Almost everything from their boots to their berets is made in the USA, but there is one troubling exception.
When a member of the Army or Air Force needs shoes to wear to work out and stay in shape, he or she gets a voucher, not a pair of sneakers. And that taxpayer-funded voucher can be used to buy shoes from anywhere in the world.
It might sound like a small thing, but it’s not small to the 900 Mainers who work at factories in Skowhegan, Norridgewock and Norway making New Balance shoes, one of the last American athletic shoe companies.
Those jobs are in jeopardy as the United States pursues the Trans-Pacific Partnership, a trade agreement that would lower the tariff on imported shoes. This duty keeps American companies competitive with those in low-wage countries like Vietnam, which has a robust athletic shoe industry.
Trade pacts, like the North American Free Trade Agreement, have cost thousands of American manufacturing jobs, and have caused the near disappearance of the Maine shoe-making industry. There is a consensus between economists and leaders of both parties that the nation benefits more from globalization than it loses, but that doesn’t mean the government of the people should abandon the people who still have manufacturing jobs.
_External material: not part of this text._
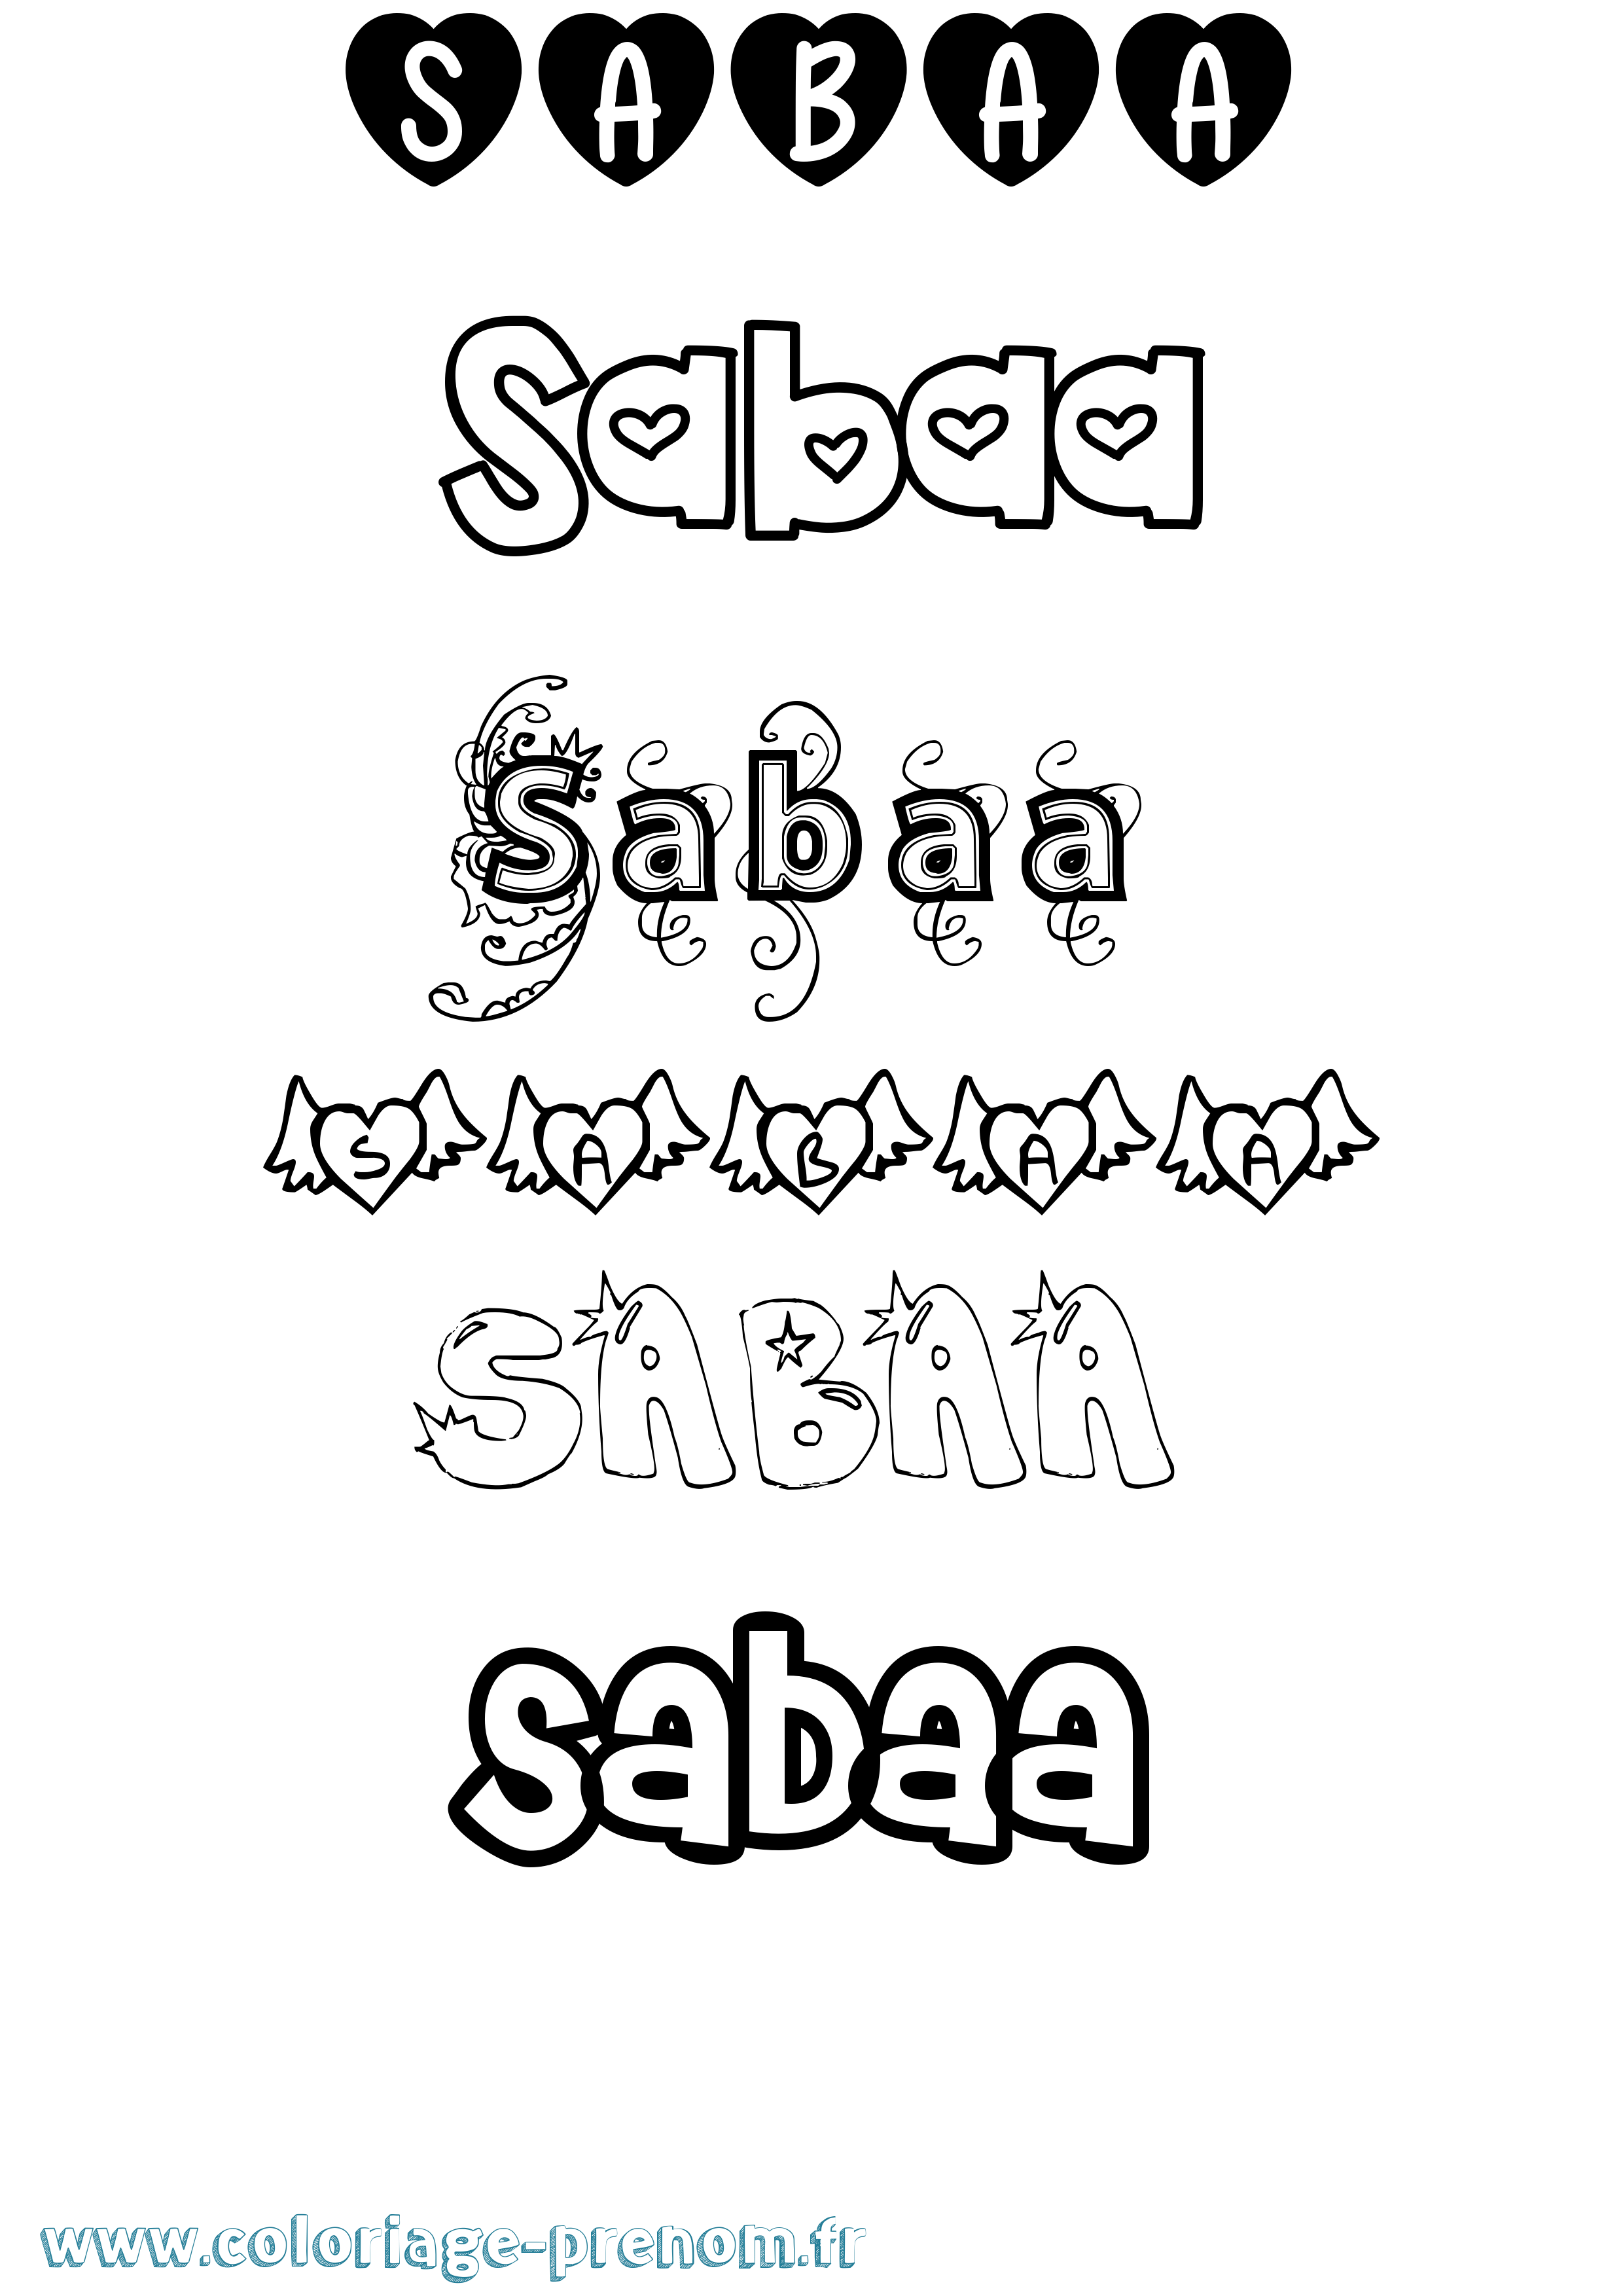 Coloriage prénom Sabaa Girly

At least part of the answer is a pair of bills supported by all four members of Maine’s congressional delegation would mandate the military buy American-made athletic footwear, just as they do for boots and dress shoes.
New Balance estimates that a buy-American requirement would create 200 jobs. That would make a big difference in communities in central Maine, which has been slow to recover from the Great Recession.
More jobs would be protected by extending the tariffs on imported footwear, at least as long as workers in those countries earn starvation wages that would lay waste to American jobs.
The Obama administration should make preserving what’s left of the domestic shoe industry a priority for these negotiations.
But the United States should do one thing that does not require any international discussion: When a U.S. serviceman or servicewoman is out for a run, they should be wearing U.S.-made shoes.